Con el triunfo de Juárez sobre Maximiliano vino la época de la restauración de la República, en la que se inició una intensa labor legislativa tendiente a consolidar la unidad nacional. En materia mercantil se sucedieron dos proyectos, uno a principios de 1869, que se conoce con el nombre de Proyecto de Código Mercantil, y otro de enero de 1870, Proyecto de Código de Comercio, formulado por una comisión nombrada por el Ministerio de Justicia que pretendía ser de aplicación federal, porque, a juicio de sus autores, la interpretación correcta de la fracción X del artículo 72 de la Constitución de 1857 atribuía al Congreso de la Unión la facultad de establecer las reglas de la legislación mercantil.

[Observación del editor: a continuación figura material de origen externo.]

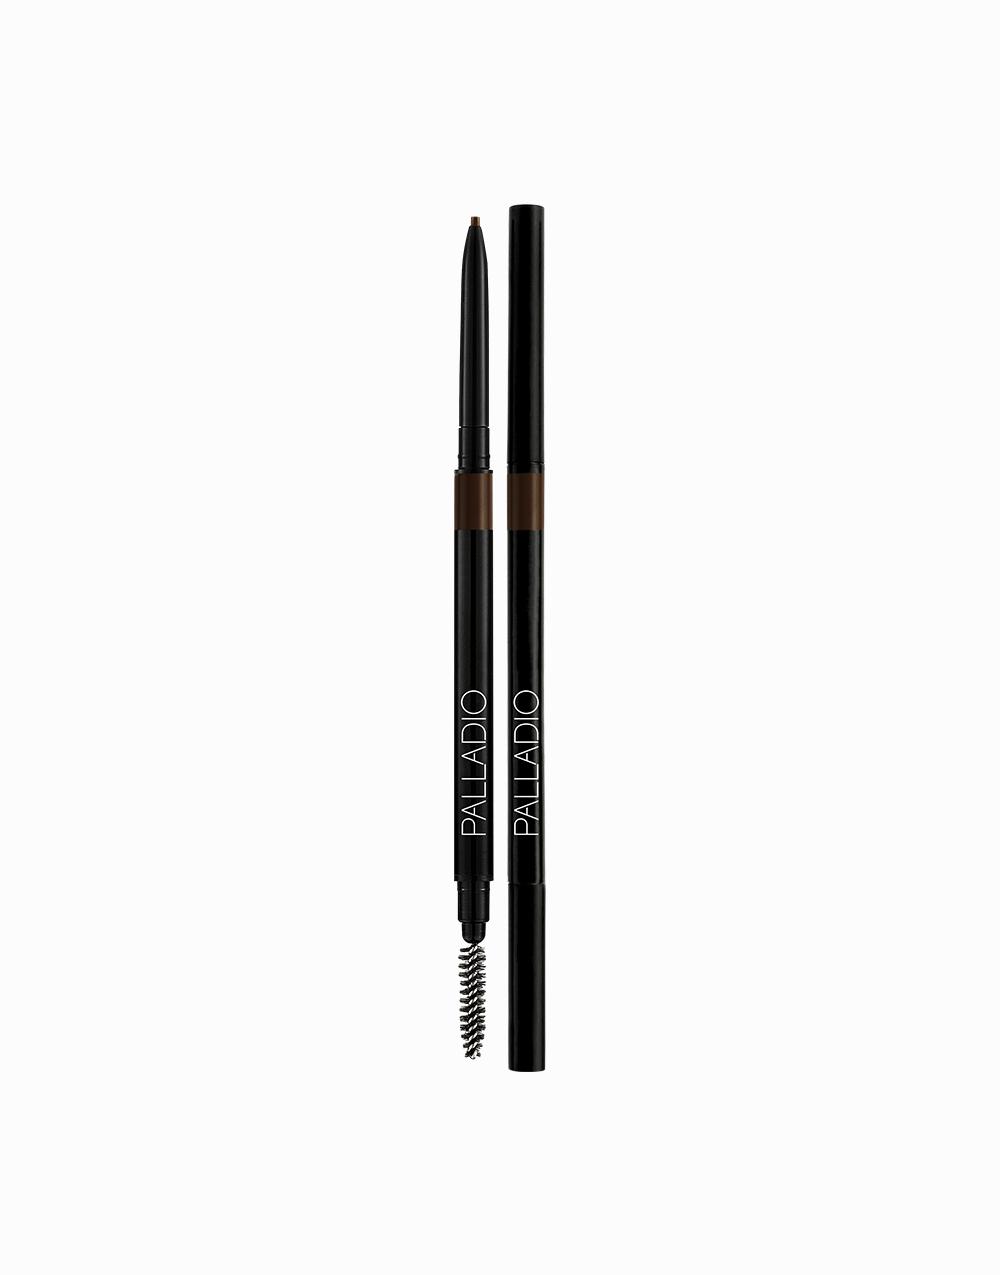 The Brow Definer Micro Pencil by Palladio | Black Brown

La necesidad de definir la competencia del Congreso federal para legislar claramente en materia de comercio se hizo sentir en vísperas de dictarse un nuevo Código de Comercio que se aplicara en todo el país, tanto para terminar con las incertidumbres y polémicas como por el hecho de que el anterior de 1854, que se había propuesto durante el régimen centralista como único y de aplicación nacional, se había declarado vigente en algunos estados. Fue así que el 14 de diciembre de 1883 se aprobó la reforma relativa por el Constituyente.

Mientras la materia comercial se federalizaba, la civil subsistía como reservada a cada estado, lo que planteaba el problema de determinar cuál de los códigos civiles locales sería supletorio en los casos de lagunas de la legislación mercantil, además de que dicha distinción entre el carácter federal del Código de Comercio y local de los civiles haría imposible la unificación formal legislativa del derecho privado.

Y un día después de entrar en vigor la aludida enmienda constitucional, el 15 de septiembre de 1883, el Congreso autorizó al Ejecutivo para que dictara un nuevo código de comercio, lo que hizo el 20 de abril de 1884, entrando a regir el 20 de julio del mismo año, conteniendo mil 616 artículos, y cinco años después, el 15 de septiembre de 1889 se promulgó el actual Código de Comercio, que entró en vigor el 1 de enero de 1890.